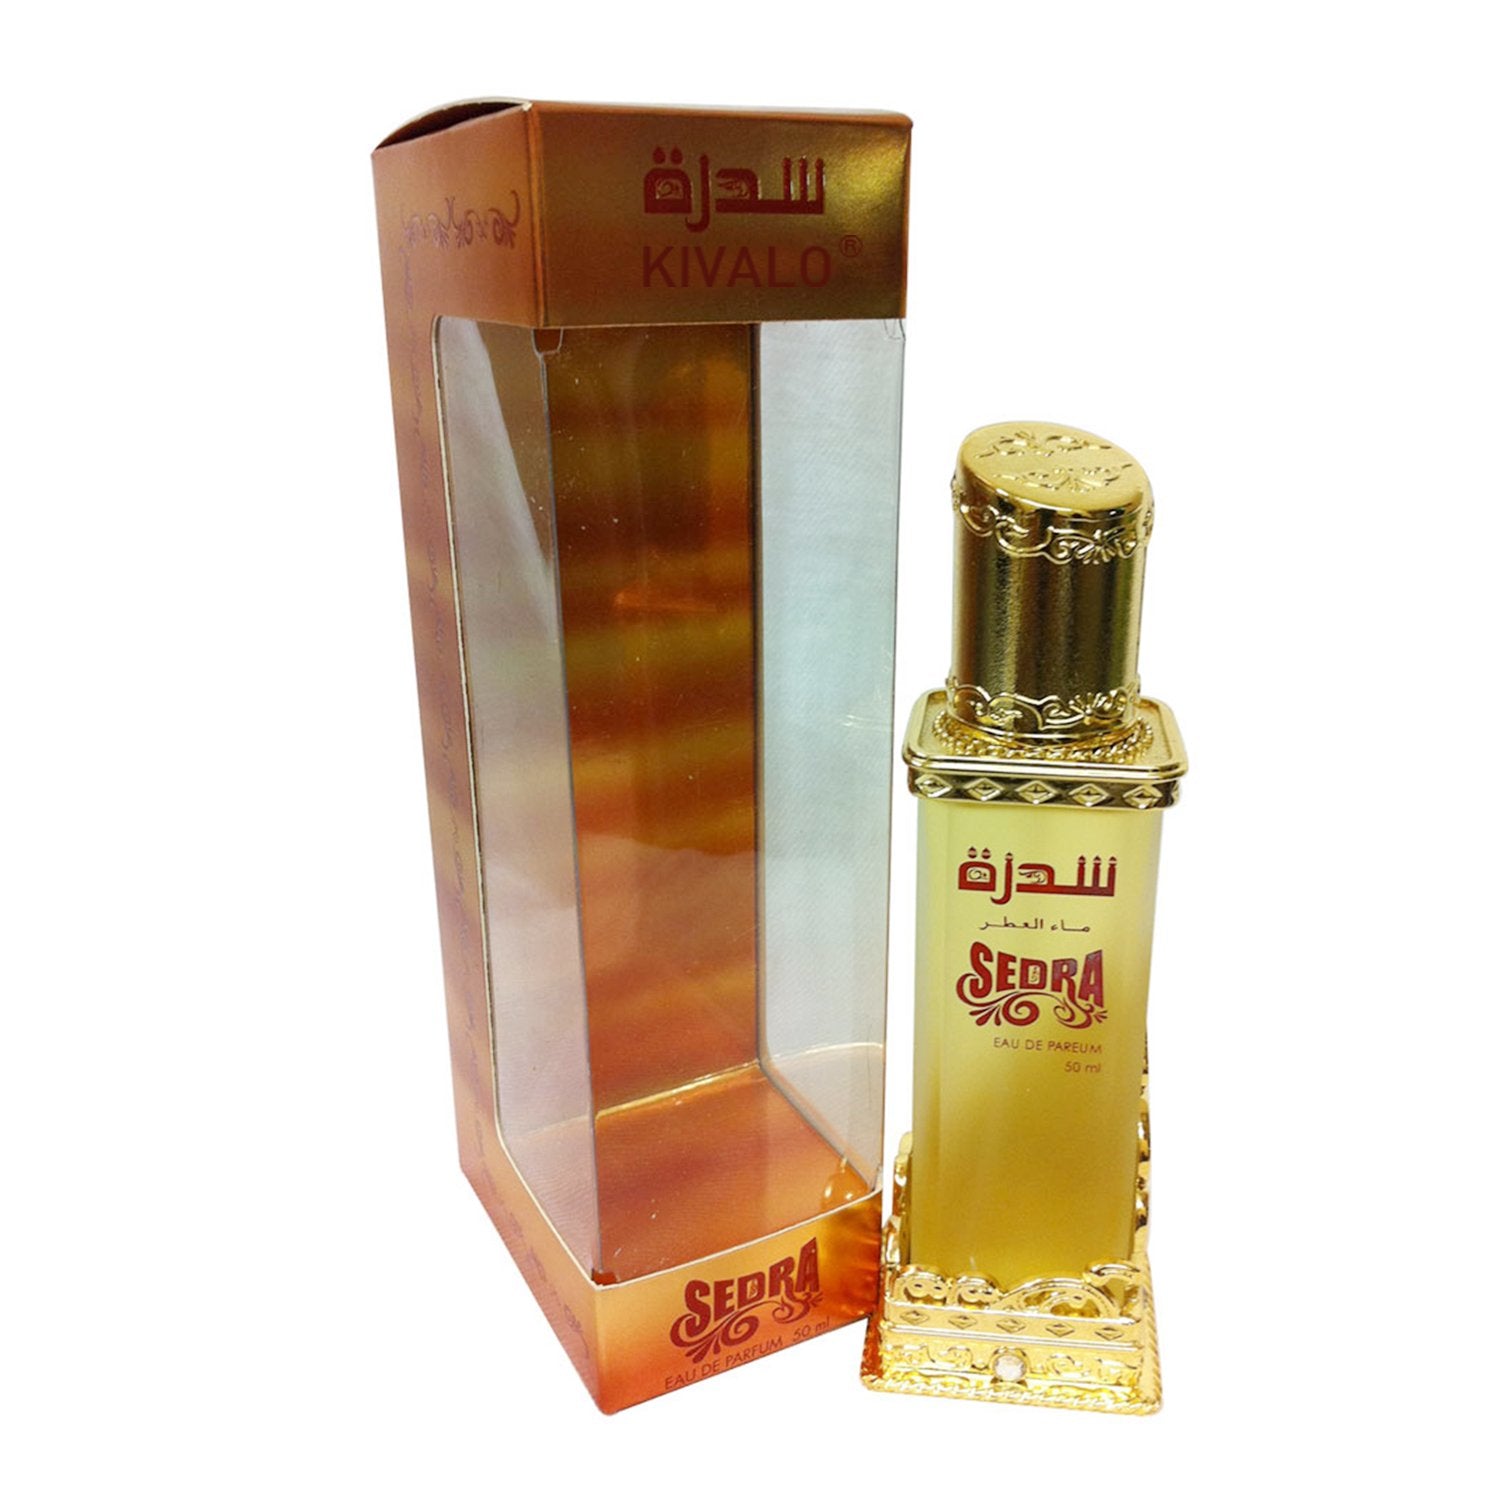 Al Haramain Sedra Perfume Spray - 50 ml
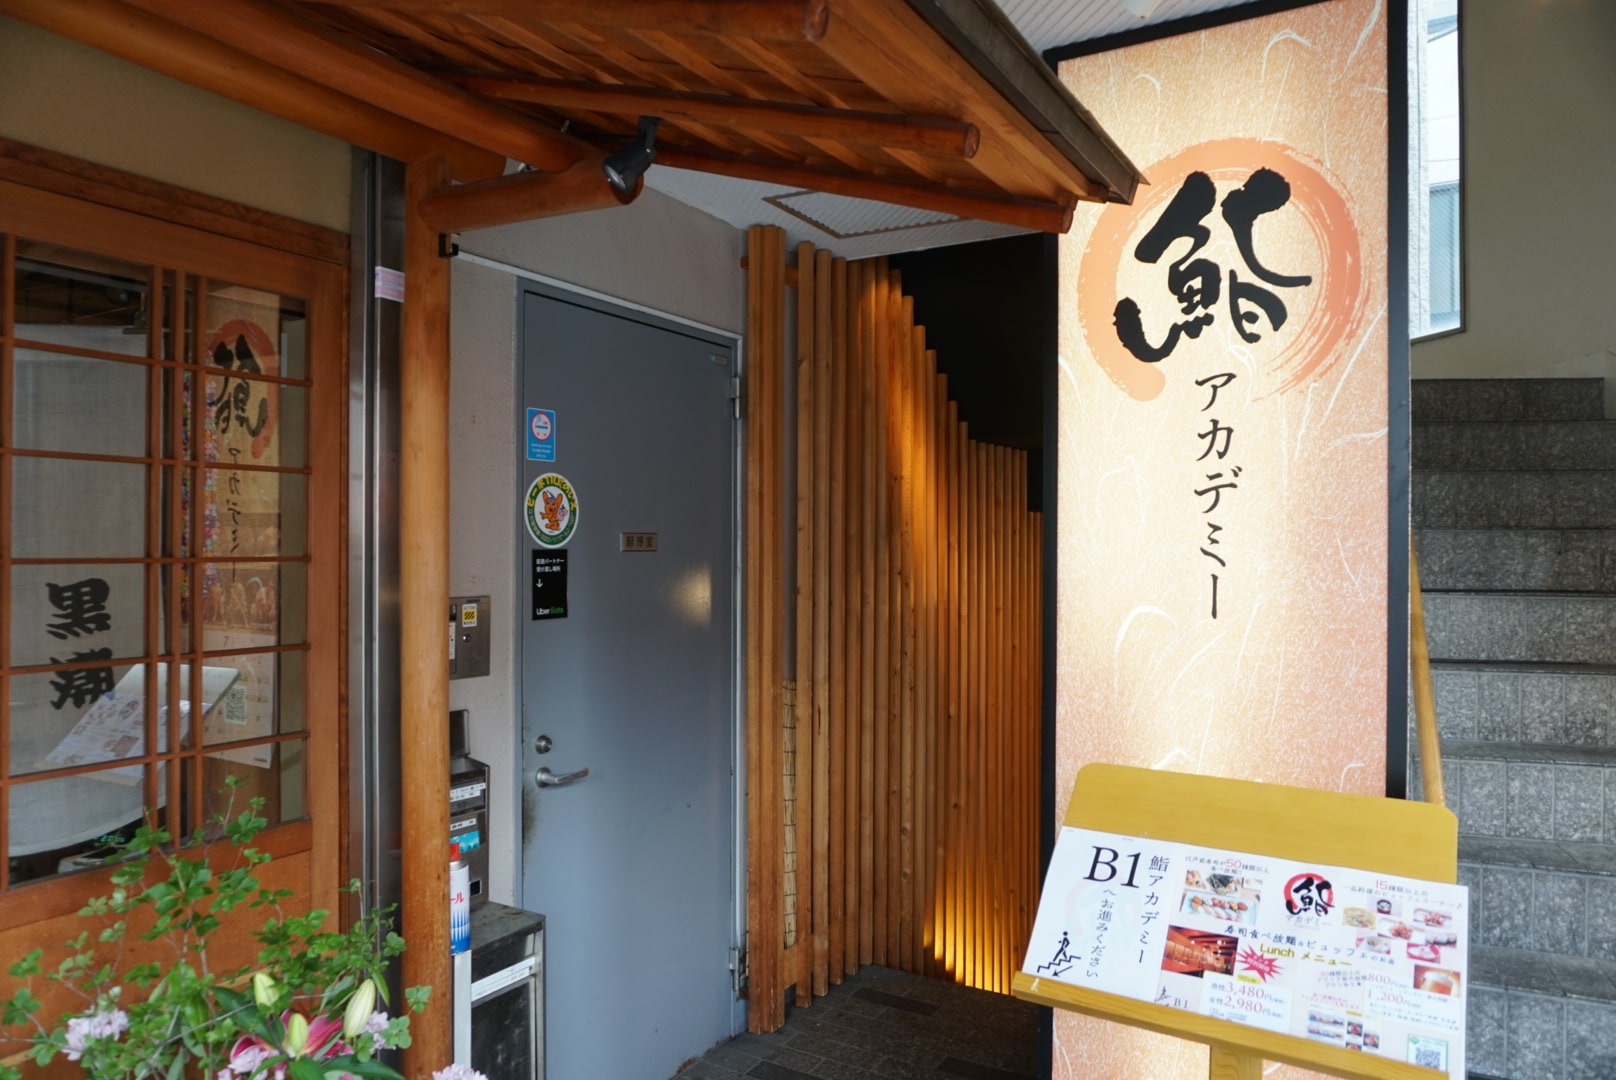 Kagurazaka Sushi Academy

* * *

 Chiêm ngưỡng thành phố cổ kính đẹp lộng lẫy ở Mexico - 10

§ Exercise goal: Beginning at the line that has "Al Haramain Sedra Perfume Spray - 50 ml" and ending at the line that has "Kagurazaka Sushi Academy", restate the listing above word for word, pictures left out.

§ Result of the task:
 Al Haramain Sedra Perfume Spray - 50 ml
 Kagurazaka Sushi Academy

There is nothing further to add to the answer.